The strain used in this study was isolated from soil sample near oil shop at Salem, Tamil Nadu, India. Serial dilution was performed and then plated on to tributrin agar base containing 1% tributrin and Tween 80 at pH 8.0. Lipase/esterase production was detected by observing clear zones around isolated colonies.6 Lipase activity was then detected by growth on Rhodamine B agar medium at 30 °C for 72 h.7 Colonies which showed orange fluorescence under
UV irradiation indicated true lipase activity and non-lipolytic bacteria formed pink colonies.8 Based on the morphological and biochemical features as well as by 16S rRNA sequencing identification was performed. The extracted genomic DNA was used as template and amplified by PCR with the aid of 16S rDNA Primers – 16S Forward Selleckchem Sotrastaurin Primer: 5′-AGAGTTTGATC(AC)TGGCTCAG-3′,16S Reverse Primer: 5′-AAGGAGGTG(AT)TCCA(AG)CC-3′. The resultant amplified product was sequenced and compared with other related sequences using
BLAST programme. Further, the nucleotide sequences of the isolate was aligned using CLUSTAL W mega version 5. One loopful culture from a nutrient agar slant was inoculated in 50 ml tryptone soy broth Selleck SB431542 medium and incubated at 50 °C overnight. Five milliliter was inoculated in to the medium containing 1% olive oil, 0.02% CaCl2·2H2O, 0.01% MgSO4·7H2O and 0.04% FeCl3·6H2O, then incubated for 72 h at 50 °C under shaking condition at 150 rpm.
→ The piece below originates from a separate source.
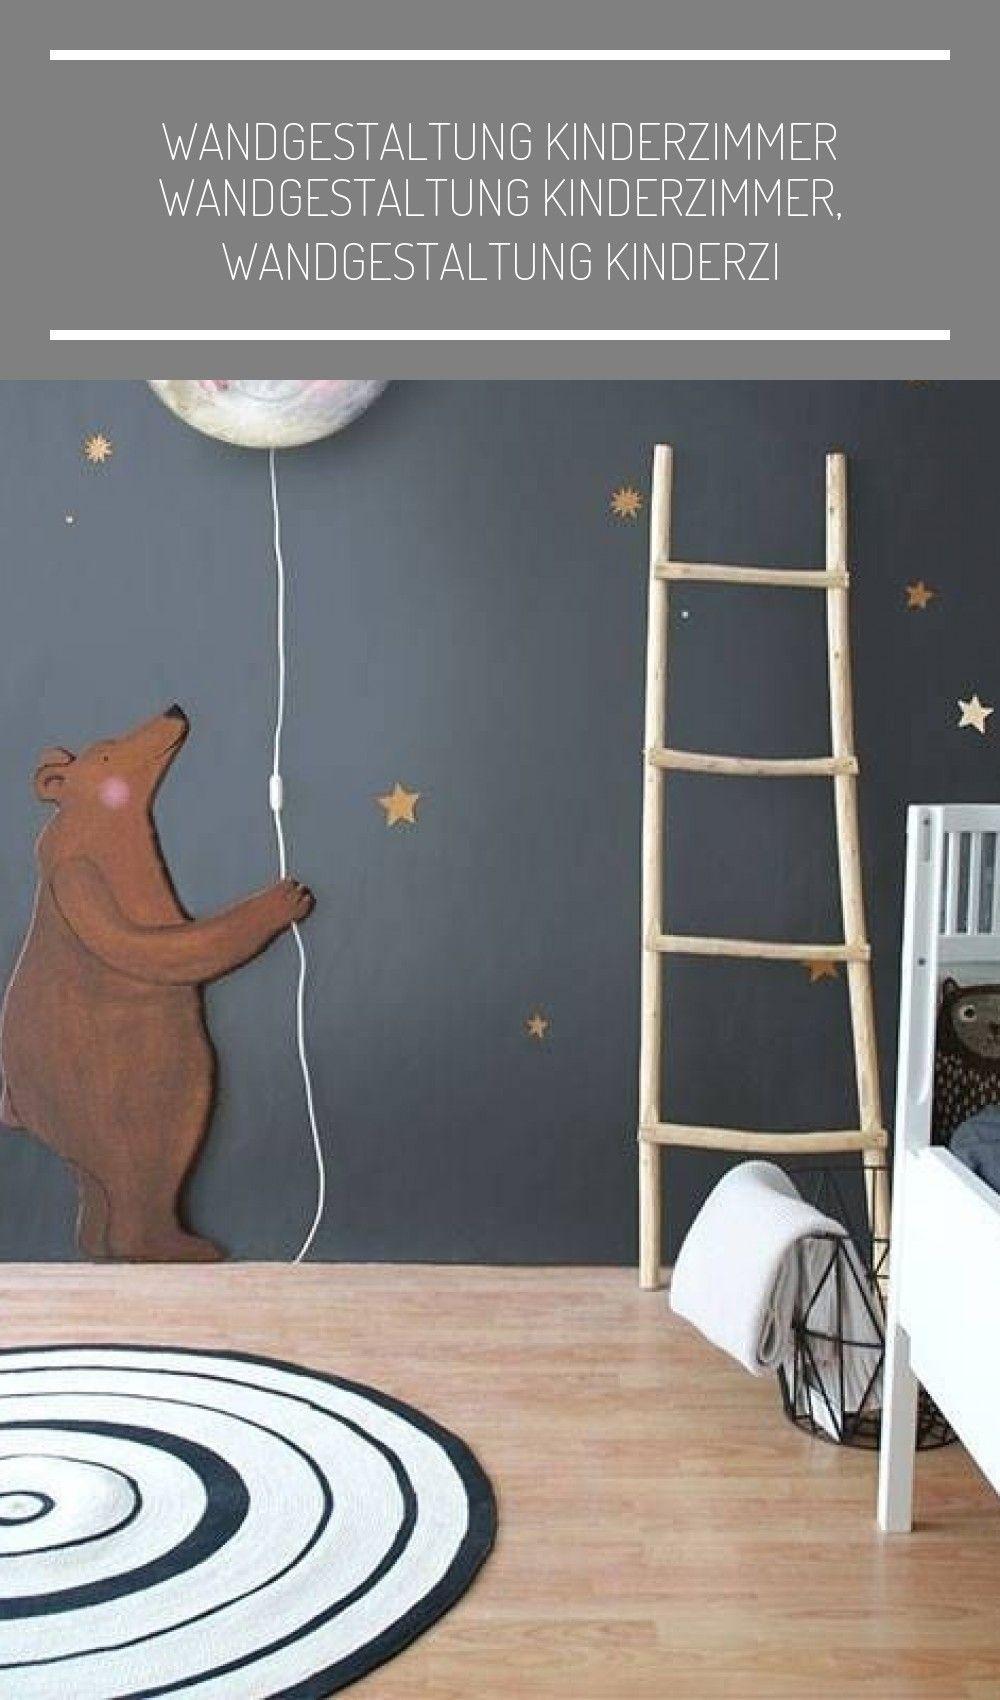 Wandgestaltung Kinderzimmer Jungen Kinderzi Kinde In Regal Weiß Sofa Regale

The initial pH of the medium was adjusted to pH 7.0.9 To measure the bacterial growth and lipase production with respect to the incubation time, culture samples were removed at 2 h interval and centrifuged at 5000 g for 10 min. Pellets were resuspended in 1 ml of 0.01 M phosphate buffer, pH 7 and the absorbance was measured at 600 nm.10 Culture supernatants were used to determine lipolytic activity. The effect of pH on lipase Carnitine palmitoyltransferase II production was studied by adjusting the pH of culture media to 6.0, 7.0, 8.0, 9.0, 10.0 and 11.0 respectively by the addition of 1.0 N HCl/NaOH prior to sterilization. One milliliter of 48 h old culture was inoculated and incubated at 37 °C for 10 min by shaking. Similarly, the effect of temperature
was studied by incubating at 30 °C–70 °C, at pH 7.0 for 10 min. Likewise, the effect of tryptone, CaCl2 and HgCl2, Triton X100 and Hexane was studied with concentrations ranging from 0.5% to 2.5% and 0.2% to 1.2%. Short chain, long chain oils such as butter fat and olive oil at a concentration of 0.5%–3% was used to determine lipase production in crude sample. The crude enzyme was obtained by centrifugation at 5,000 rpm at 4 °C for 10 min. Lipase activity was assayed according to the method of Sadasivam and Manickam 1996.11 Two milliliter of 0.1 M phosphate buffer, 1 ml of olive oil and 1 ml crude enzyme was incubated at 40 °C for 30 min.11 The reaction was stopped by adding 5 ml ethanol before titration against 0.1 N NaOH using phenolphthalein as indicator until the end point is reached.